Both reforms are partial responses. Registered reports are labor-intensive and work best for confirmatory research (testing a specific hypothesis) rather than exploratory research (figuring out what’s in a dataset). They don’t address the reviewer exhaustion problem. They also don’t address the specific AI challenge of evaluating computational results whose validity depends on model architecture decisions, training data choices, and hyperparameter settings that reviewers may lack the expertise to assess.

What AI Review Would Actually Require

The proposal that AI systems should review AI-generated papers is increasingly serious within the community, though “serious” here covers an enormous range of ideas.

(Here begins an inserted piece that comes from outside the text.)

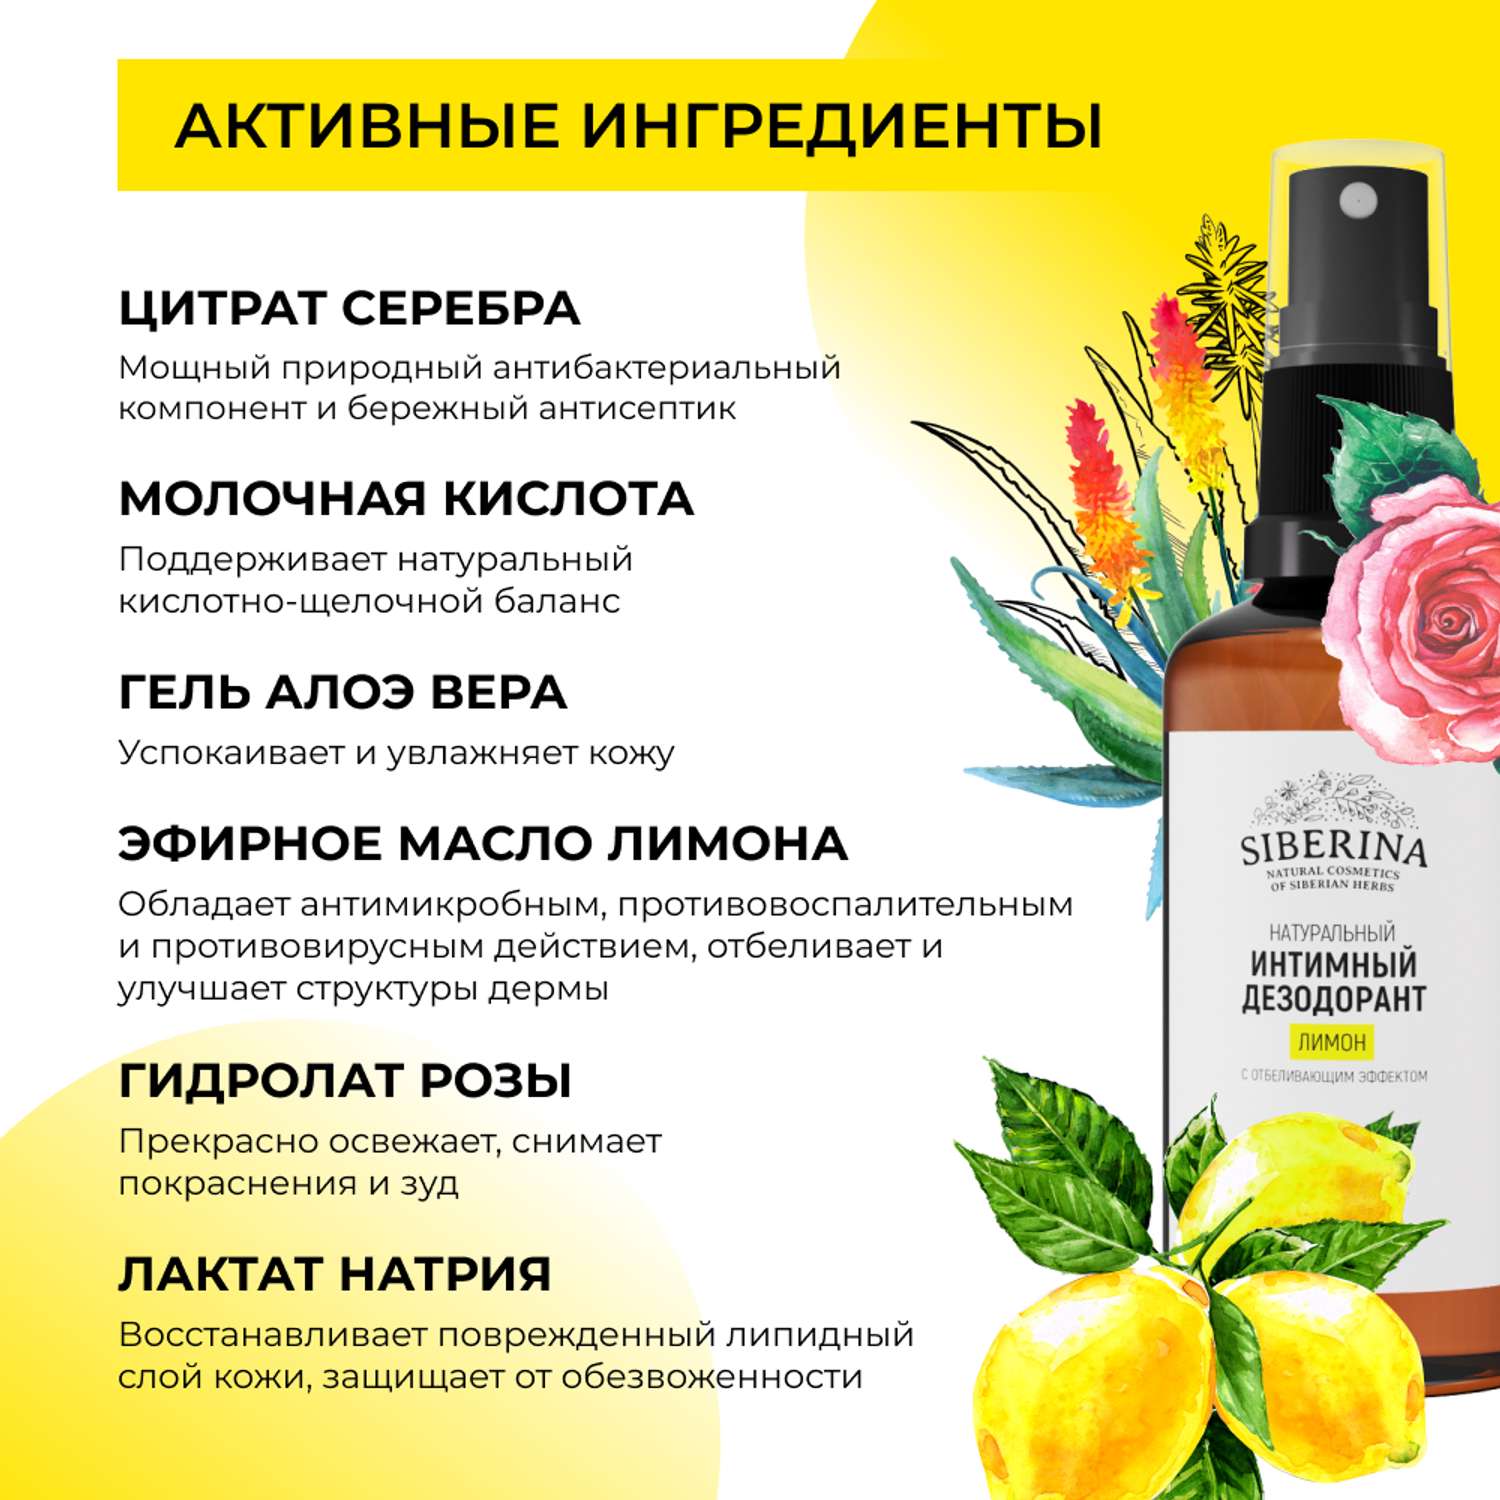 Интимный дезодорант Siberina натуральный «Лимон» с отбеливающим эффектом 50 мл - фото 4

At the minimal end: automated statistical review. Systems that check whether the reported statistics are consistent with the stated sample size, whether the confidence intervals are plausible, whether the effect sizes fall within historically reasonable ranges for the field. Tools like Statcheck (which has been running since 2016) and more sophisticated successors do this and catch real errors.

At the more ambitious end: automated scientific review — models that evaluate whether a paper’s conclusions are warranted by its evidence, whether important alternative explanations were considered, whether the methodology has known failure modes for this type of research. This is much harder. The criteria for good science are not fully formalizable, and the ways in which a paper can be systematically misleading without containing any explicit falsehood are precisely the cases where formal checks fail.

A pilot program at three journals in materials science, announced in early 2026, is having AI models flag papers for specific technical concerns — implausible crystal structures, suspect spectroscopic assignments, statistically improbable yield improvements — and routing flagged papers to specialists for those specific concerns. Early results suggest the automated flagging catches about 40% of later-identified methodological problems and introduces very few false positives for the specific technical categories it covers. This is one of the more plausible paths forward: narrow AI review of narrow technical questions, combined with human judgment about scientific significance.


Peer review is not a quality filter. It never was, not fully — it was always a social institution that worked because the people in it shared standards, knew each other, and had reputational skin in the game. AI has not broken peer review. It has accelerated the erosion of the conditions that made peer review work. The question is not whether to add AI to the solution. It is whether the underlying institution is worth preserving, and if so, what it would take to rebuild its foundations rather than just reinforce its walls.